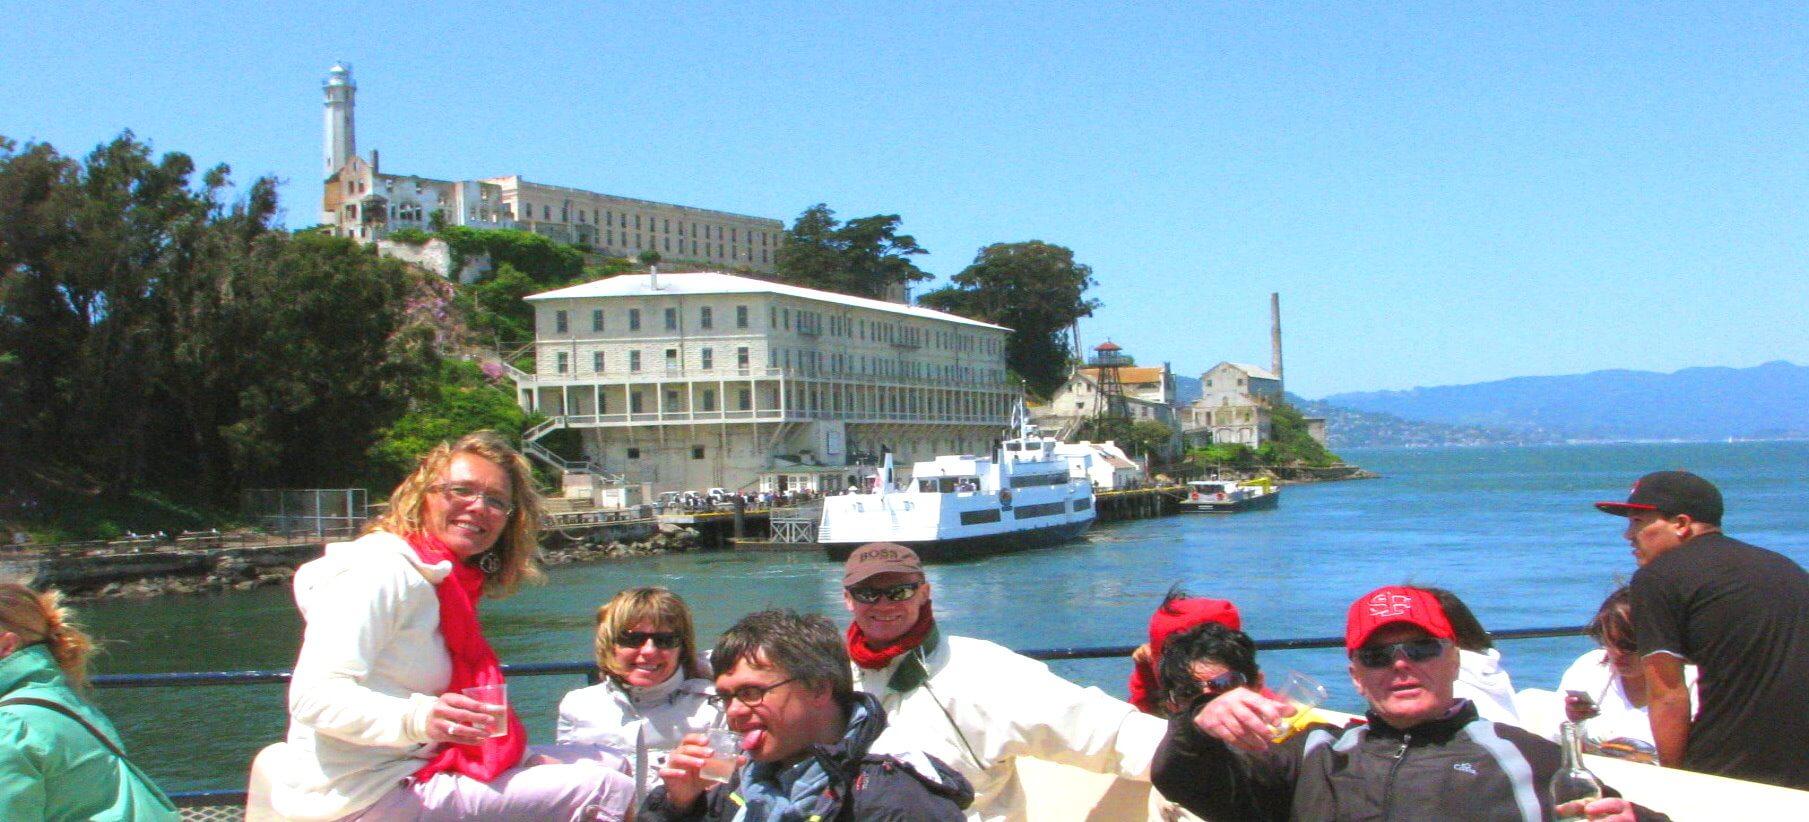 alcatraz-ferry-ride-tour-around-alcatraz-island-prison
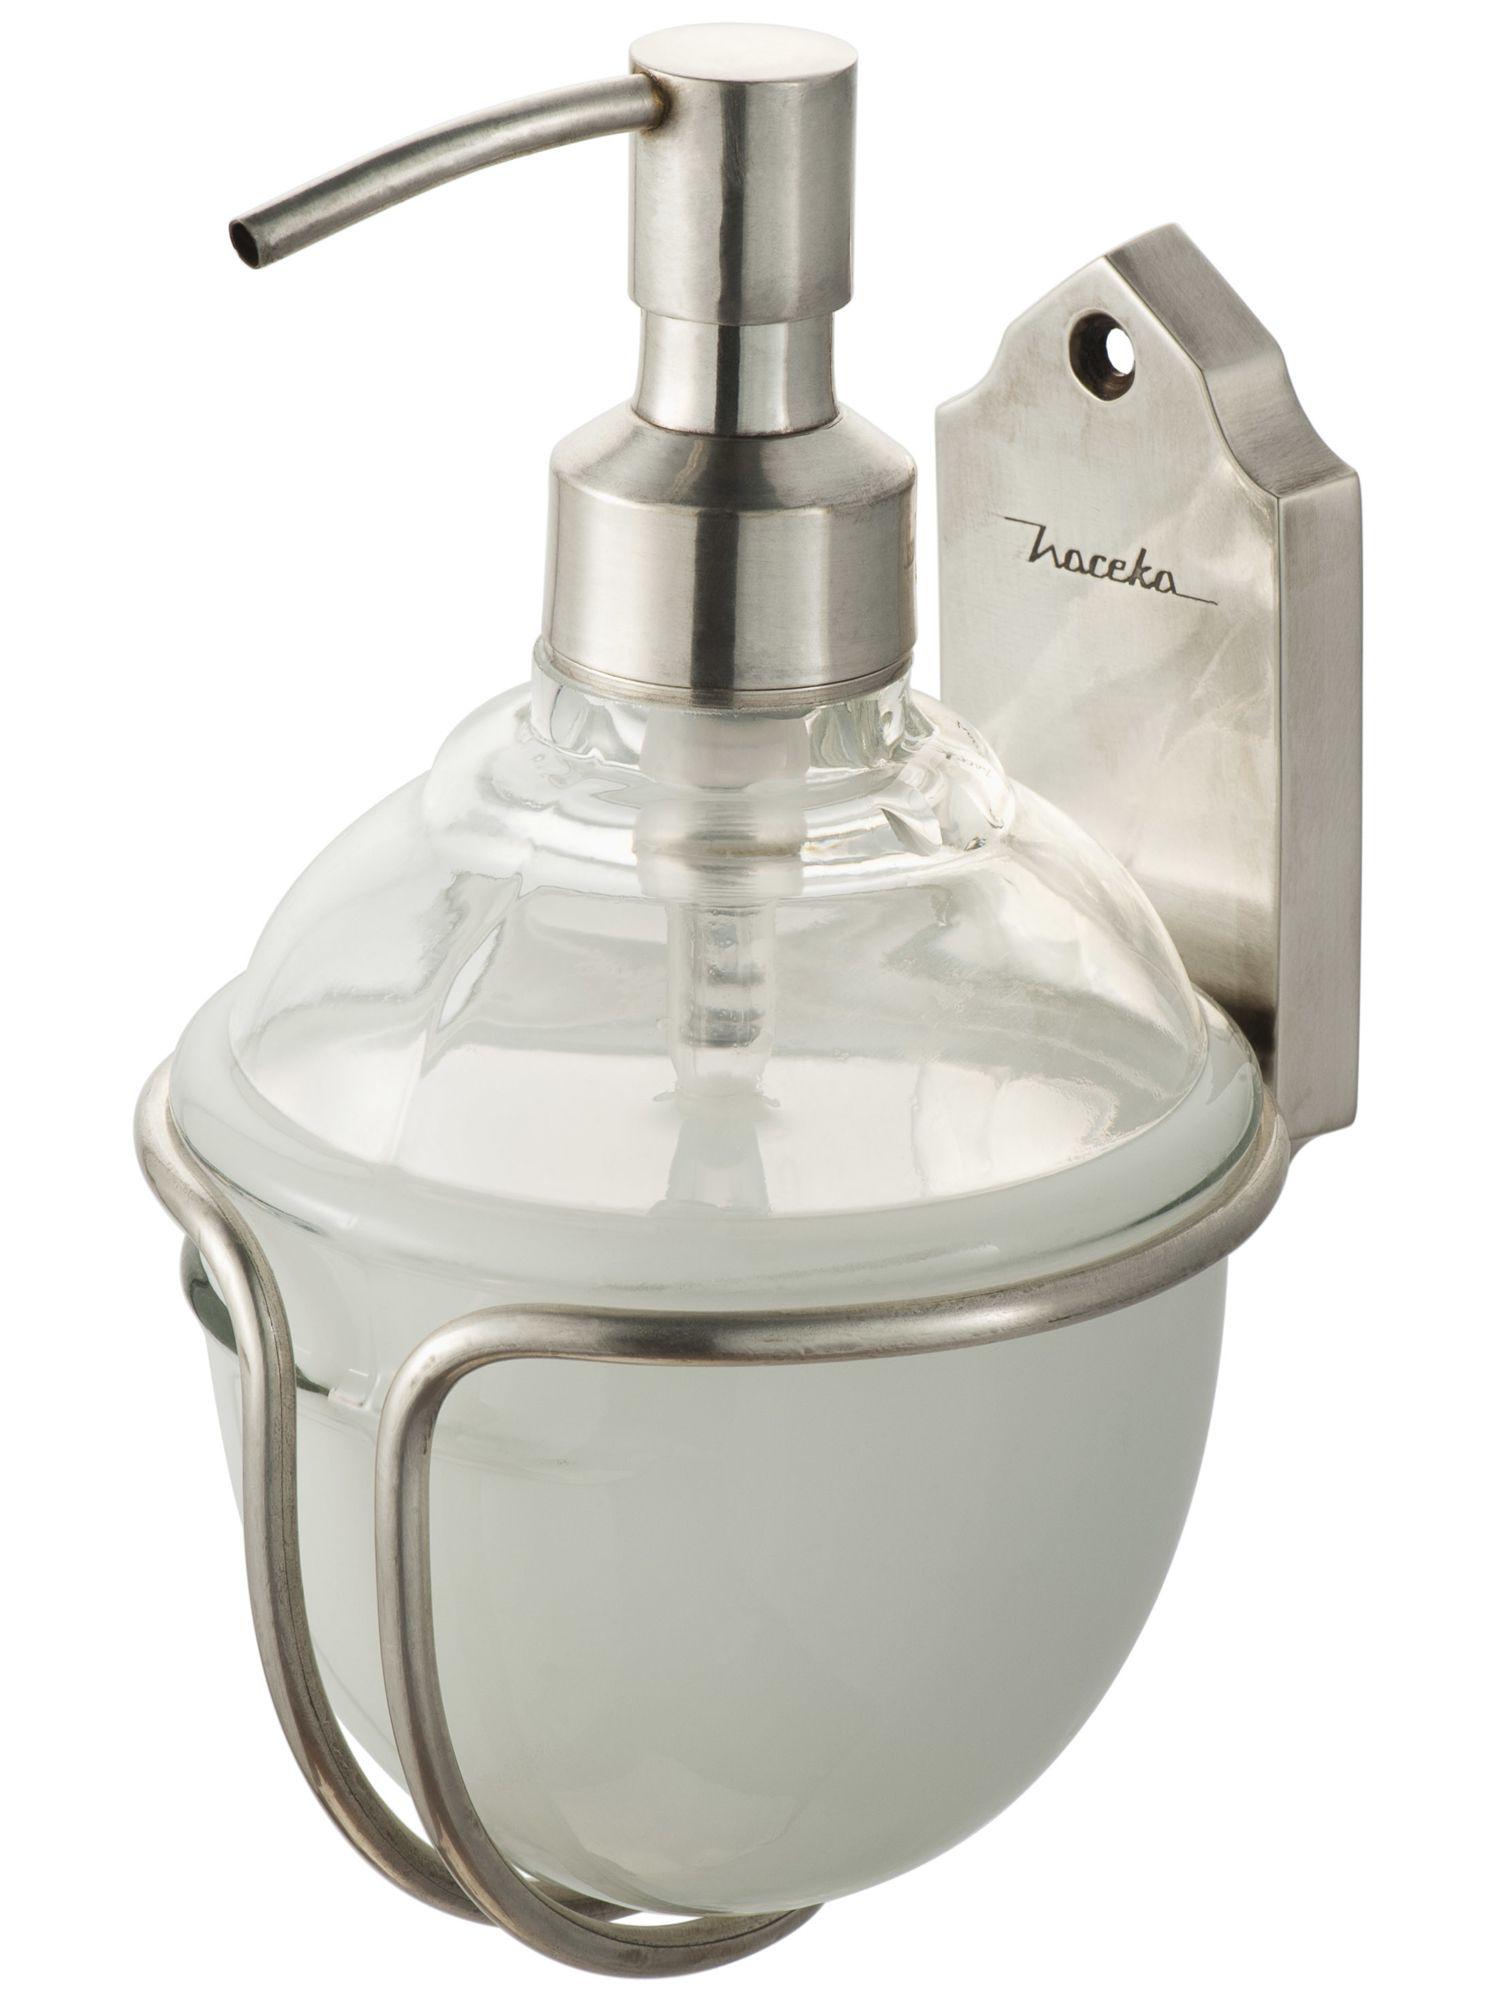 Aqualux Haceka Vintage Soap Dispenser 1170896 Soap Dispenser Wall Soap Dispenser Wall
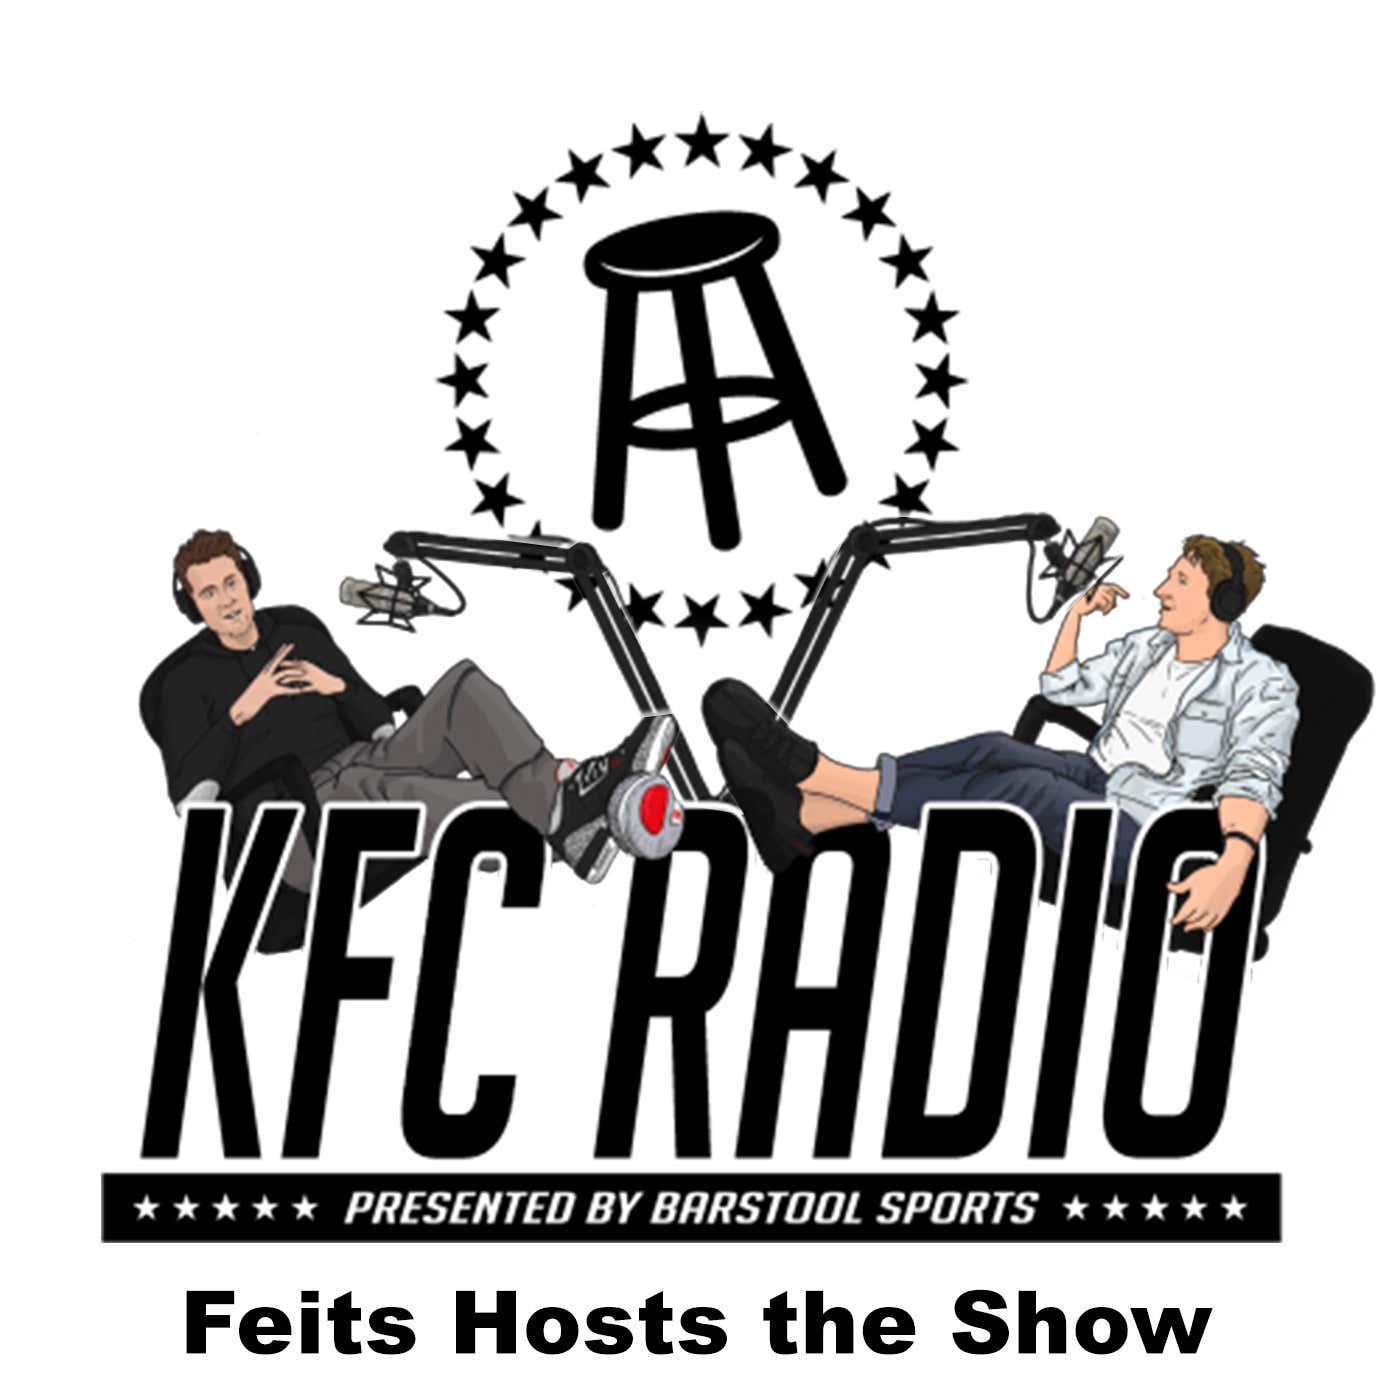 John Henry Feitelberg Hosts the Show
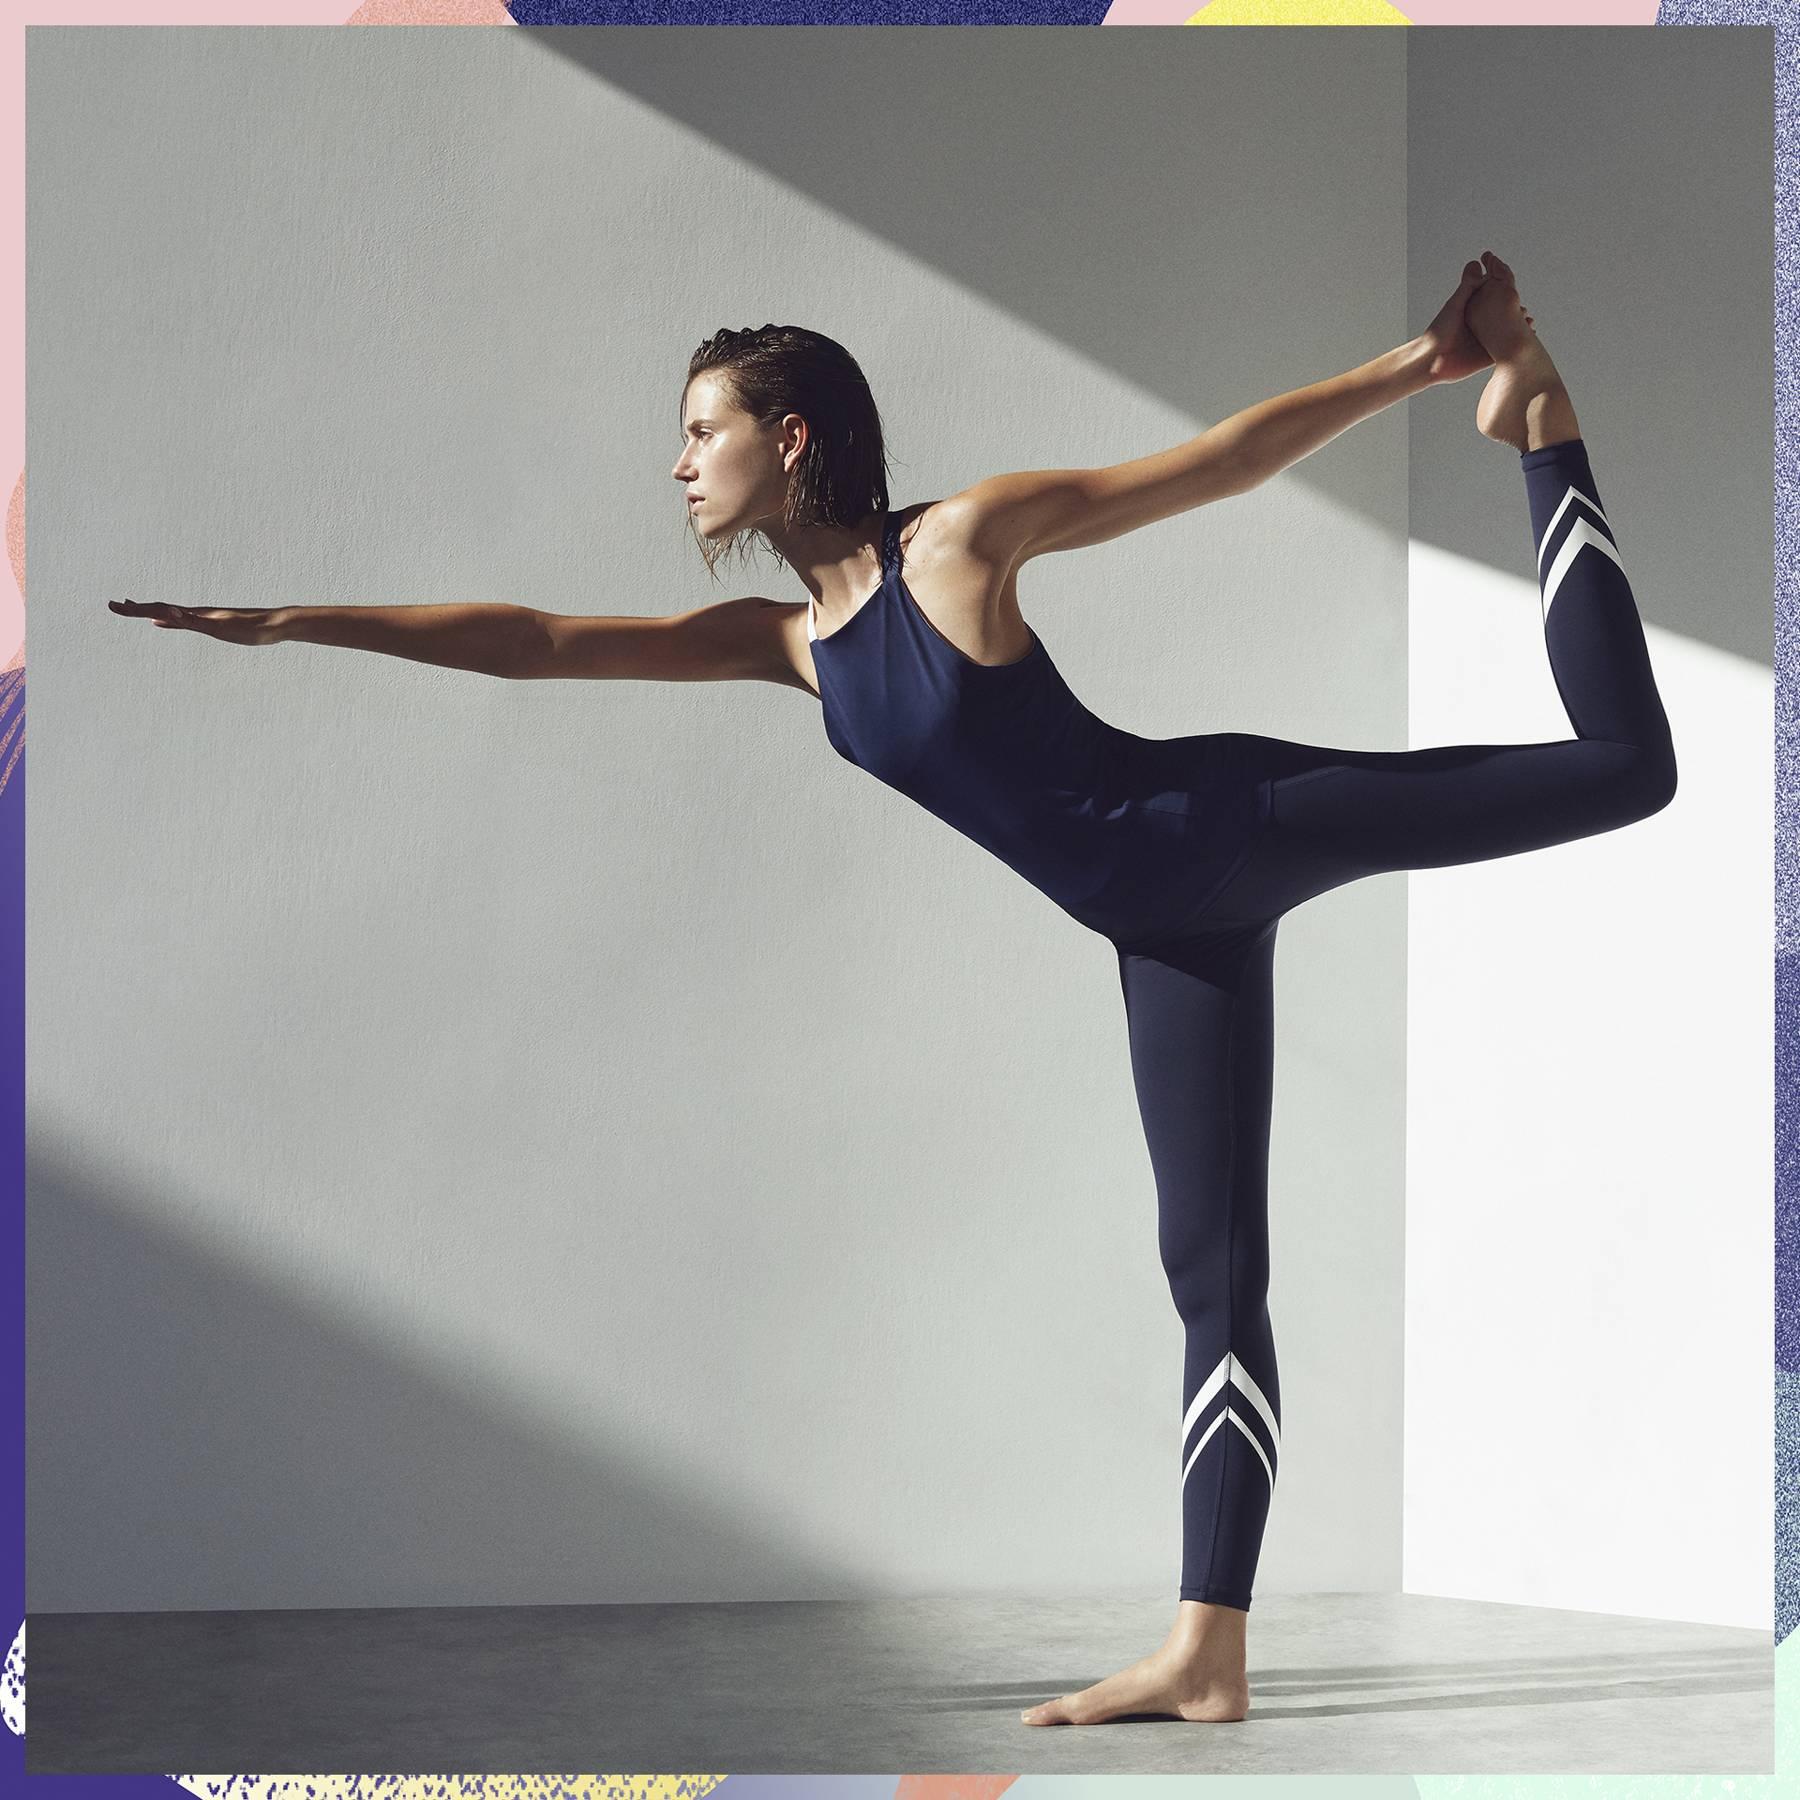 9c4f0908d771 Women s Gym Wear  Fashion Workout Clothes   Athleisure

## Exercise aim
Begin at the line containing "Aqualux Haceka Vintage" and stop at the last line of the data. Repeat only those lines, exactly, and leave out the pictures.

## Expected answer
 Aqualux Haceka Vintage Soap Dispenser 1170896 Soap Dispenser Wall Soap Dispenser Wall
 John Henry Feitelberg Hosts the Show
 9c4f0908d771 Women s Gym Wear  Fashion Workout Clothes   Athleisure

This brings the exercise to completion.